I'm making a new build right now to see if things behave any differently. Before that, I'm going to go back to a stock 1.2.3 snapshot and see if Aggressive mode behaves the same way.
-
All is now working! I removed the Concentrator from the DMZ of my local pfSense and connected it directly to a public IP. I noticed in the firewall logs that my firewall was blocking port 500 traffic and all other traffic which originated from the remote sites to my local site. Odd since I created a rule on my DMZ allowing all traffic to pass to the public interface of my concentrator.
Lan 10.20.30.1
DMZ 10.20.20.1Concentrator Private: 10.20.30.2
Concentrator Public: 10.20.20.2I was seeing my customers IP's being blocked:
10.0.0.0/24
192.168.127.0/24
172.20.30.0/16These were being blocked both on the LAN interface and on the DMZ. I will post some of the logs.
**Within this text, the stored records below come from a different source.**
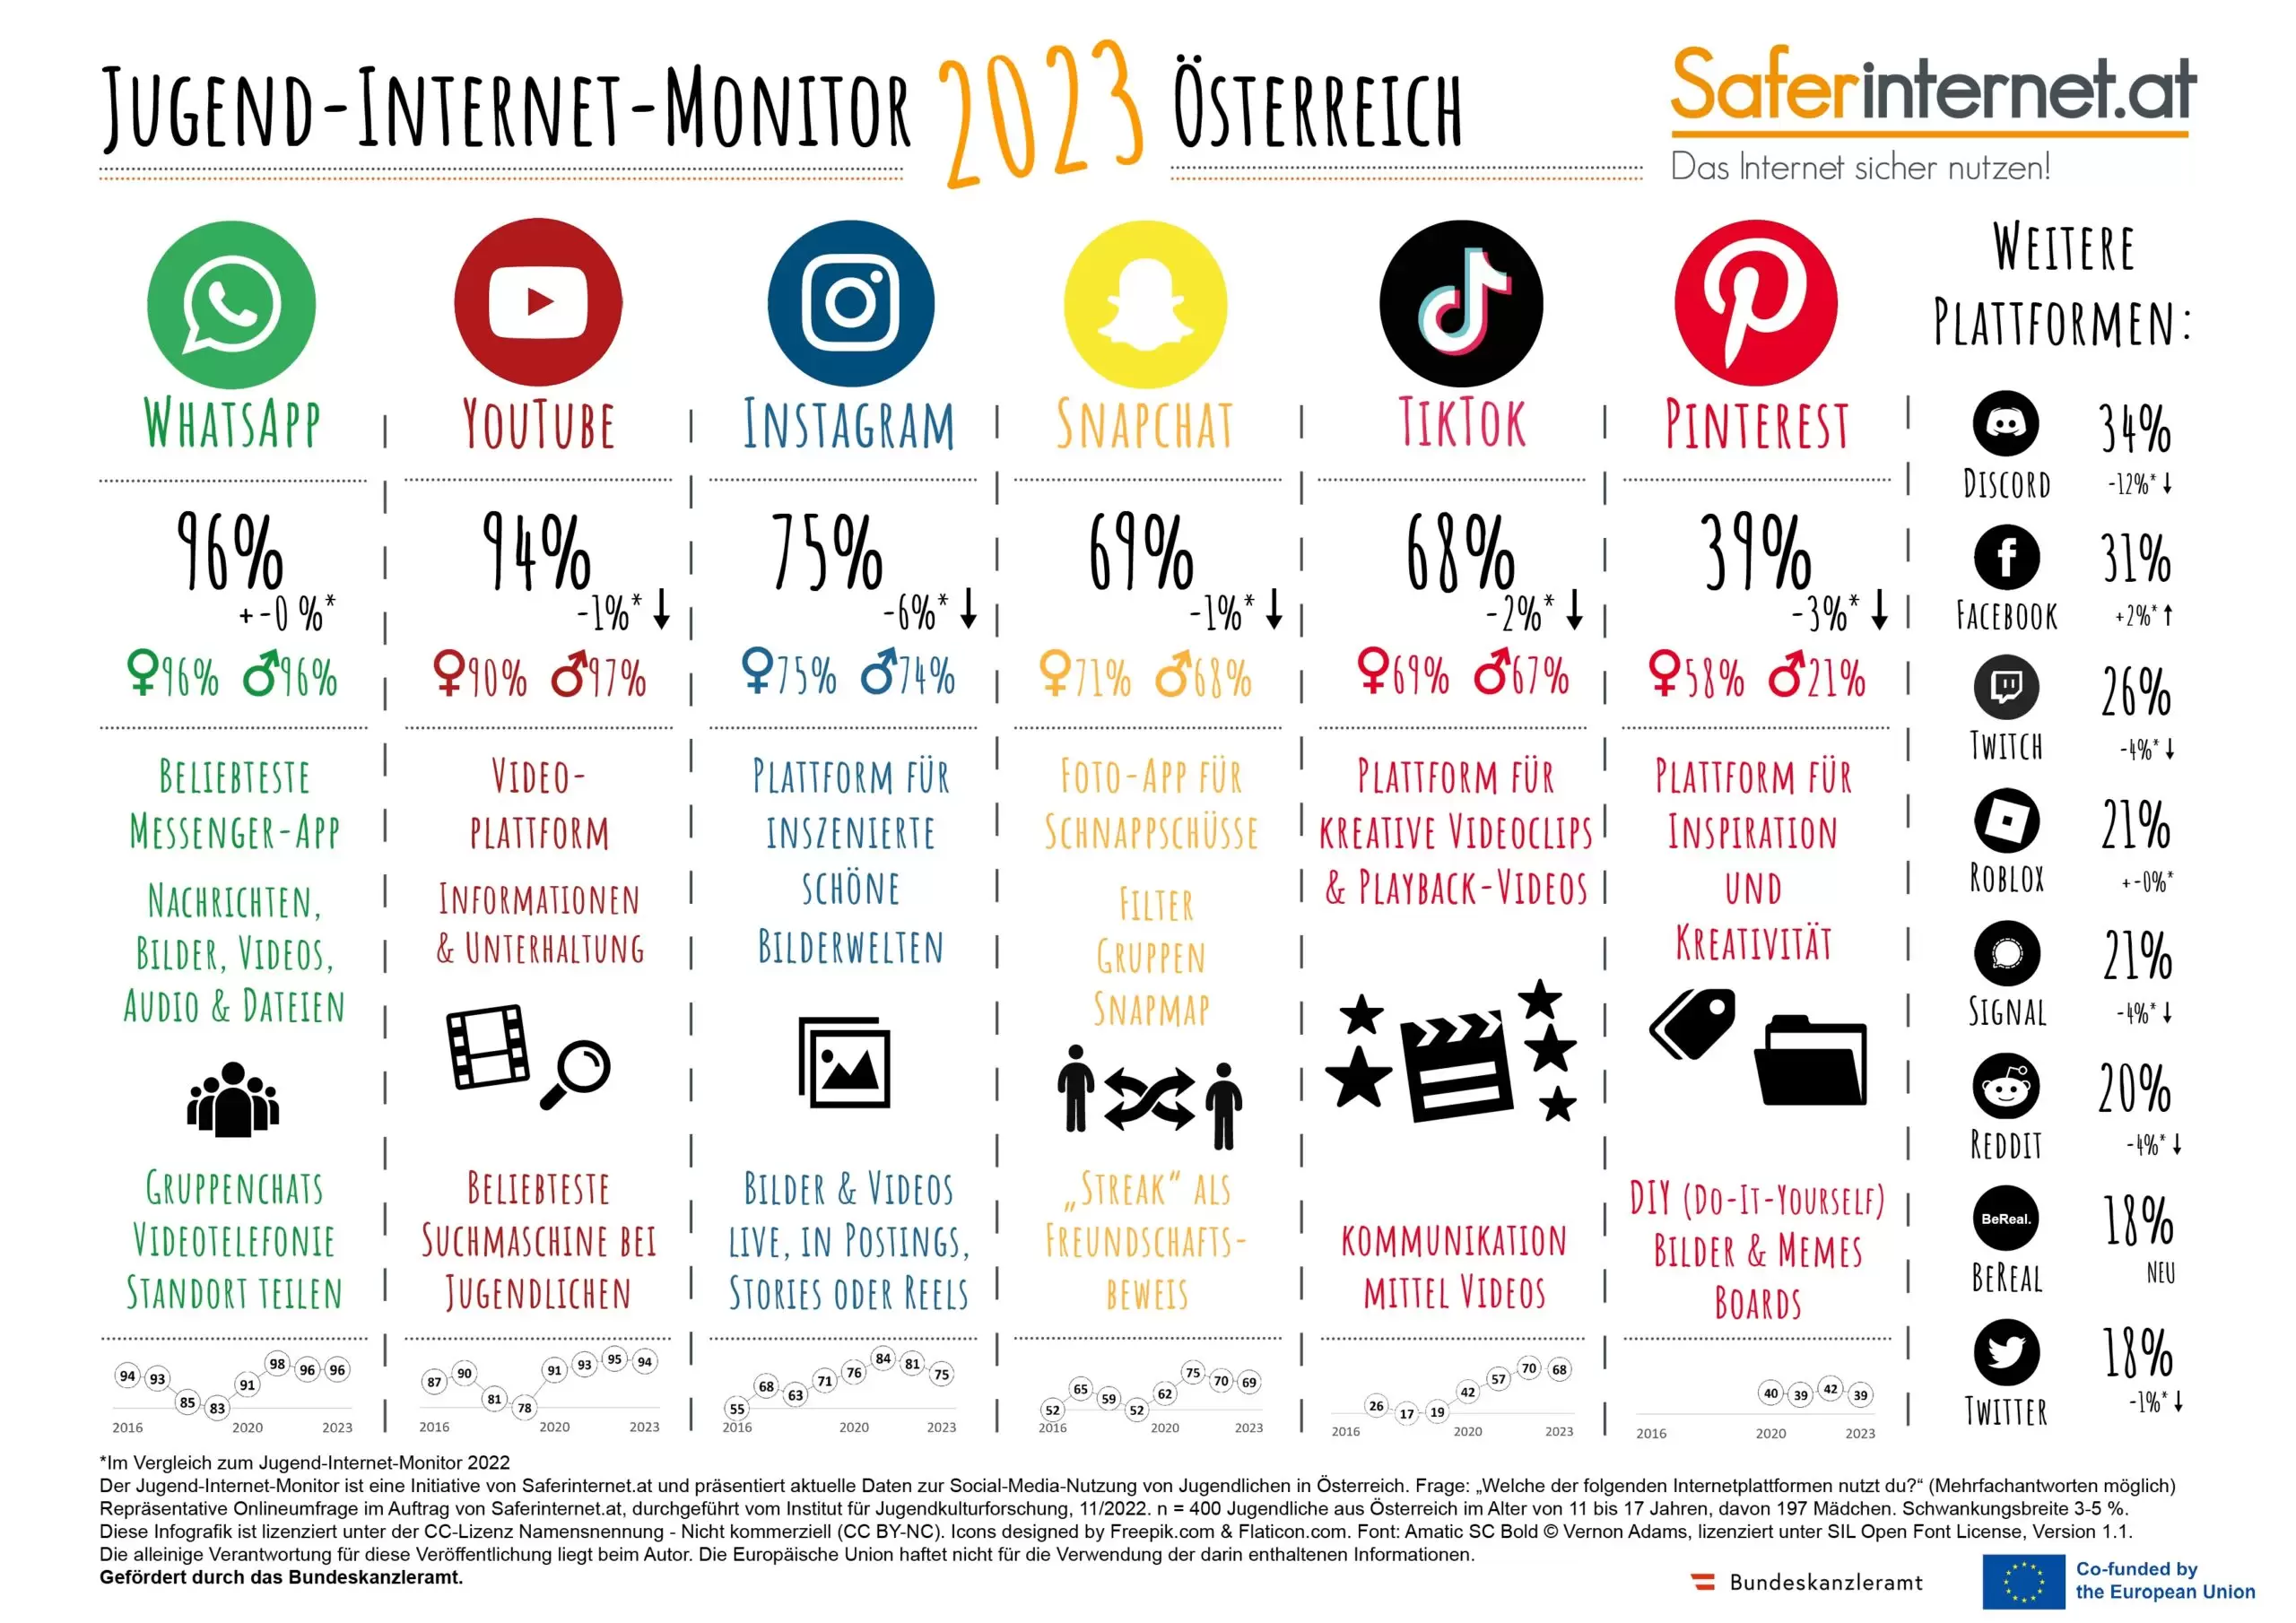 Die beliebtesten Sozialen Netzwerke der österreichischen Jugend auf einem Blick. Foto: Saferinternet.at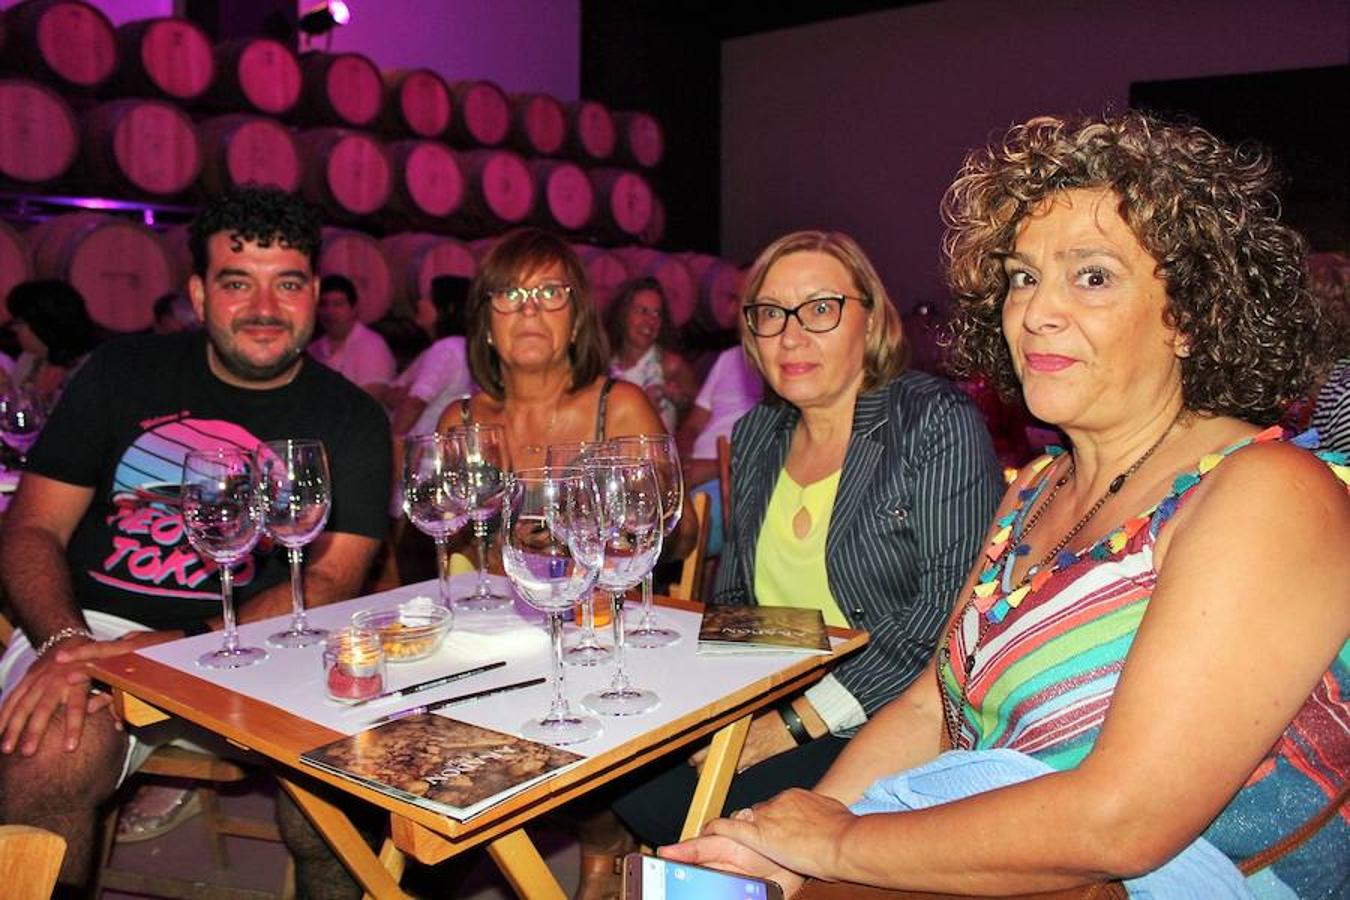 Actuaciones musicales con motivo del programa 'El Rioja y lo 5 sentidos' que ayer arrancó en Baños y Alcanadre.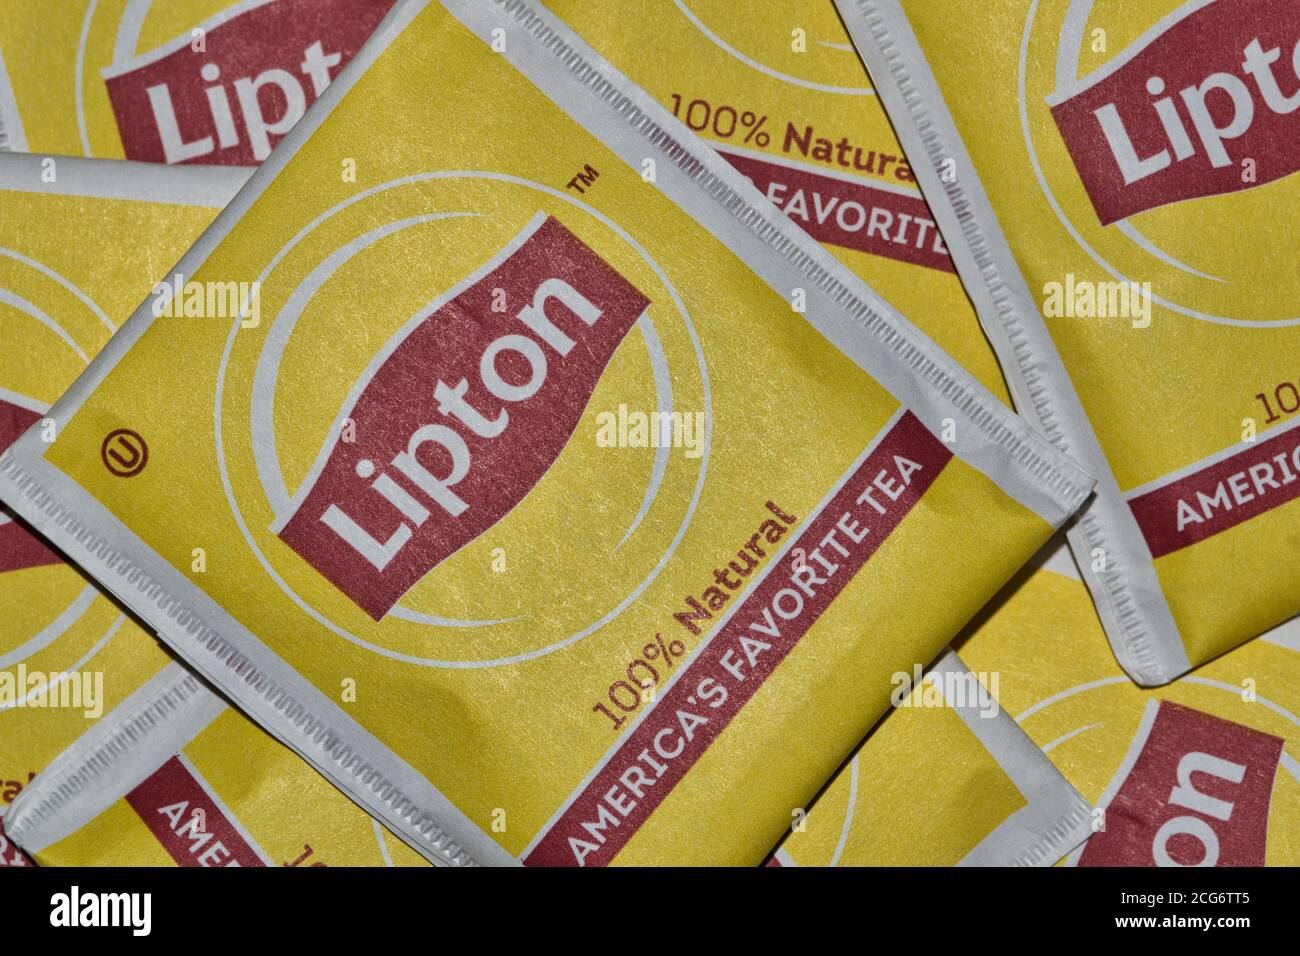 Houston, Texas/USA 05/10/2020: Pacchetti quadrati di bustine di tè Lipton non aperti, sparsi liberamente, immagine macro. Foto Stock

I just need to reconfigure to internal again rather than direct connect to public IP on Concentrator Public interface.
-
So your tunnel reestablishes OK now after a power cycle?
That is strange, since my concentrator is already on a public IP and has no filtering in front of it. Its public is on the same switch as my pfSense test box.
And yet if I power cycle the concentrator, the tunnel never comes back up.
Are you sure nothing else changed in all that?
-
I did modify the DPD setting in the pfSense 1.2.2 by modifying the file. I think DPD was enabled for phase 1 or phase 2 and I enabled it for the other one in the conf file. If I can remember which file I will post the changes I made.